Effort to plug salt wells nears end

? Efforts to find and plug the abandoned salt brine wells that allowed natural gas to escape into the city and cause explosions are nearing an end as federal and state funding dwindles.

The abandoned wells provided a pathway to the surface for underground natural gas that leaked from the Yaggy storage facility west of Hutchinson in January 2001, causing explosions that destroyed several buildings and killed two people.

Data gathered by the Kansas Geological Survey and other organizations after the explosions pinpointed 29 more abandoned wells than officials knew about two years ago, Steve Williams, a civil engineer for the city, said Tuesday in a report to the Hutchinson City Council.

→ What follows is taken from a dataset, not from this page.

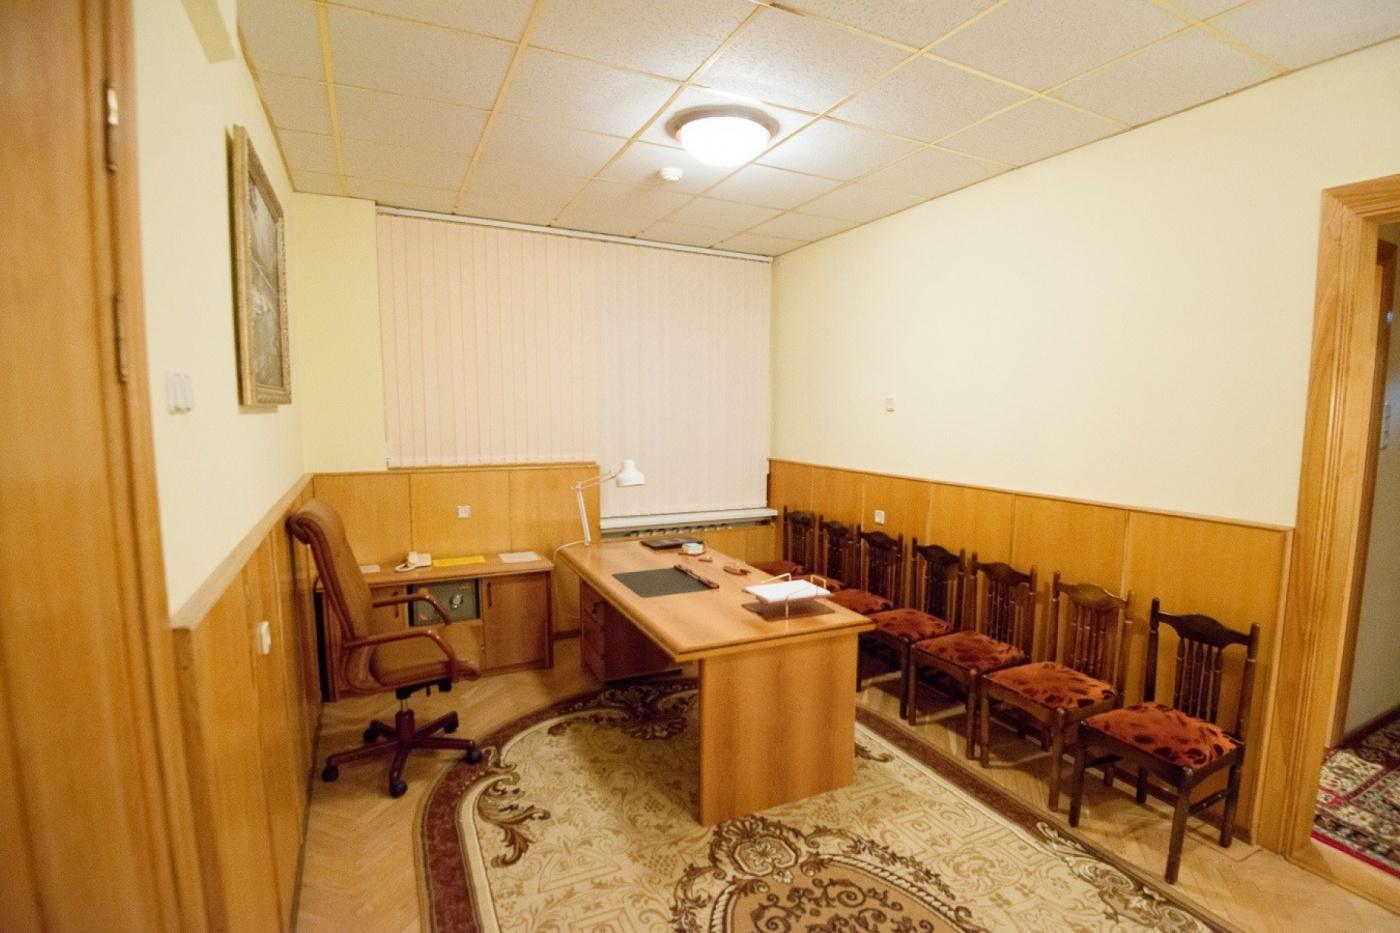 Санаторий «Солнечногорский» Московская область Двухместный трёхкомнатный номер люкс, фото 4

“Early on, they said we could have as many as 160 brine wells,” he said. “We originally applied for $9 million for the project.”

Scientists from the Geological Survey searched the city in three surveys in the past two years, Williams said.

Some of the wells identified as brine wells turned out to be water wells. Others have been plugged. Now the city has about $165,000 in grant funds left from the original $890,000, Williams said, and few projects to complete in the future.

One area of the city — off Main Street where the Carey Ice and Salt company was once located — has not been explored because of buildings now on the site, Williams said.

“So, what you’re telling is that we’re done?” asked Mayor Barry Law. “We’ve located all the brine wells that we can find? But it isn’t to say that we’ve sent equipment into every residential section of the city. When we’ve looked for the brine wells, it’s just been in open spaces?”

Williams said salt plants mainly were located near railroad lines, and not in other parts of the city.